A thriller to make the hairs on the back of your neck stand up. A compulsive read that once started you can’t and won’t put down. Make sure you have n afternoon free or avery long train journey!
September 2009 Guest Editor Emily Barr on Little Face by SOPHIE HANNAH
I read this just after my daughter was born, and carried on reading all night, absolutely horrified at the story of a missing baby. Hannah’s books have a satisfyingly nasty streak and I have found every one of them utterly riveting and chilling. She is also adept at conjuring up an unexpected twist, which I know from experience is a lot less easy than it looks.
Alice's baby is two weeks old when she leaves the house without her for the first time. On her eager return, she finds the front door open, her husband asleep on their bed upstairs. She rushes into their baby's room and screams. 'This isn't our baby! Where's our baby?' Her increasingly hostile husband swears she must be either mad or lying, and the DNA test is going to take a week. One week later, before the test has been taken, Alice and the baby have disappeared. Run away, abducted, murdered? The police who dismissed her baby swap story must find out, and as they do they find dark incidents in David's past - like the murder of his ex-wife...
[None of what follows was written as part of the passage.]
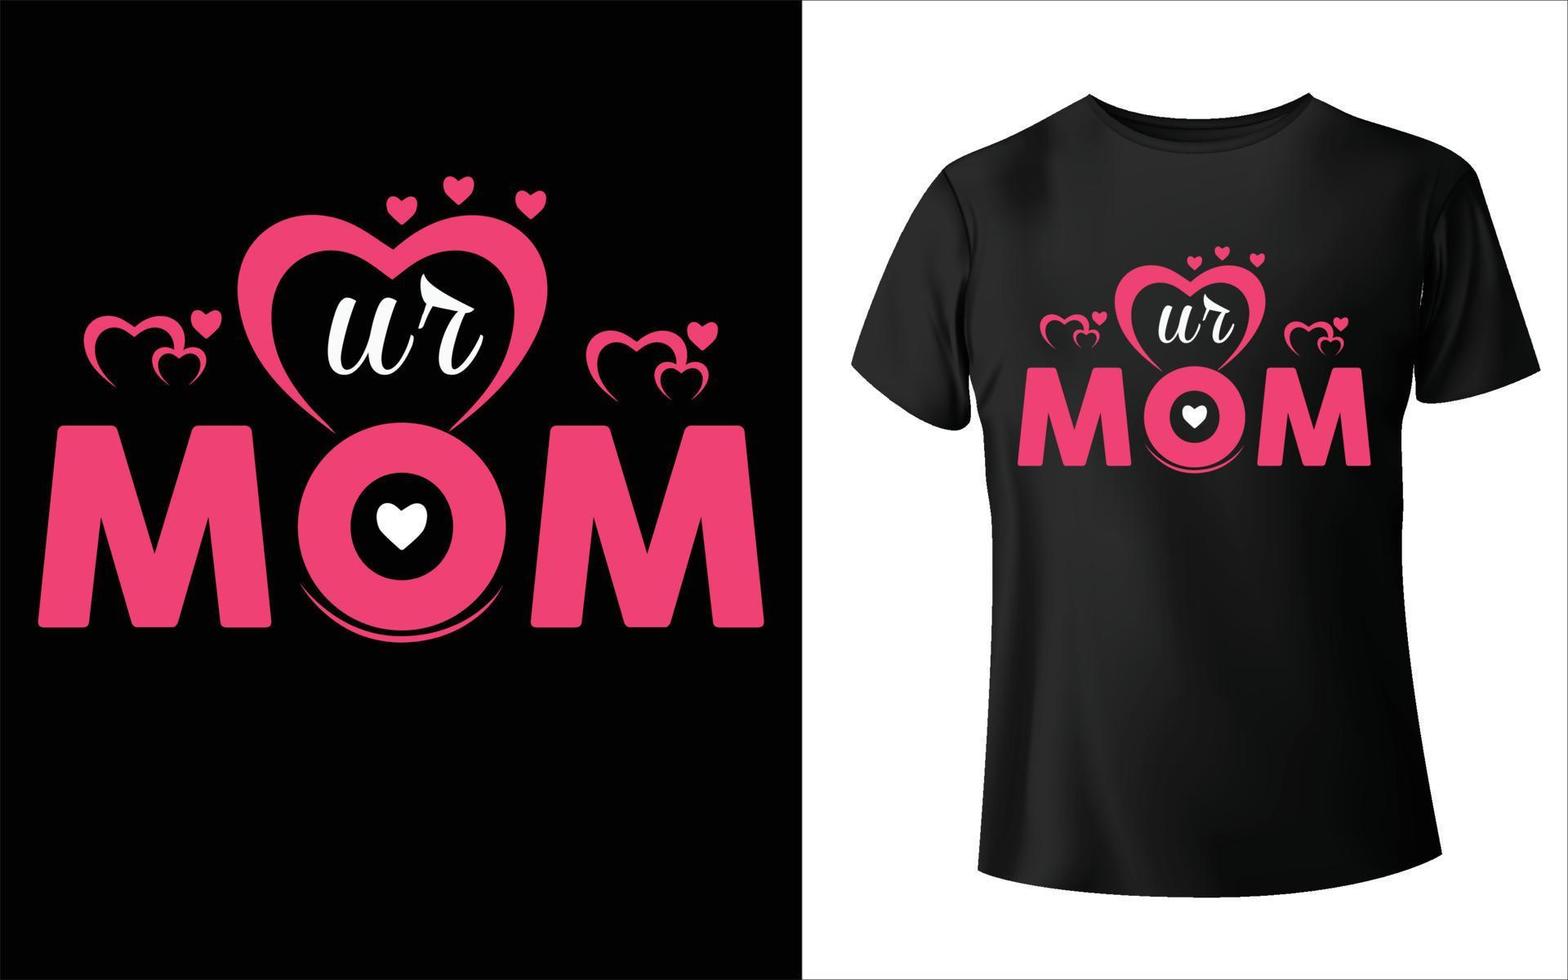 diseño de camisetas del día de la madre feliz, vector de mamá, diseño de camisetas del día de la madre, vector de mamá,

Sophie Hannah is a best-selling, award-winning poet. Her latest collection, First of the Last Chances, was chosen for the Poetry Book Society’s Next Generation promotion in June 2004. She regularly performs her poetry to live audiences nationwide and abroad, and recently won first prize in the Daphne Du Maurier Festival Short Story Competition for her psychological suspense story The Octopus Nest. Sophie lives in West Yorkshire with her husband and two children.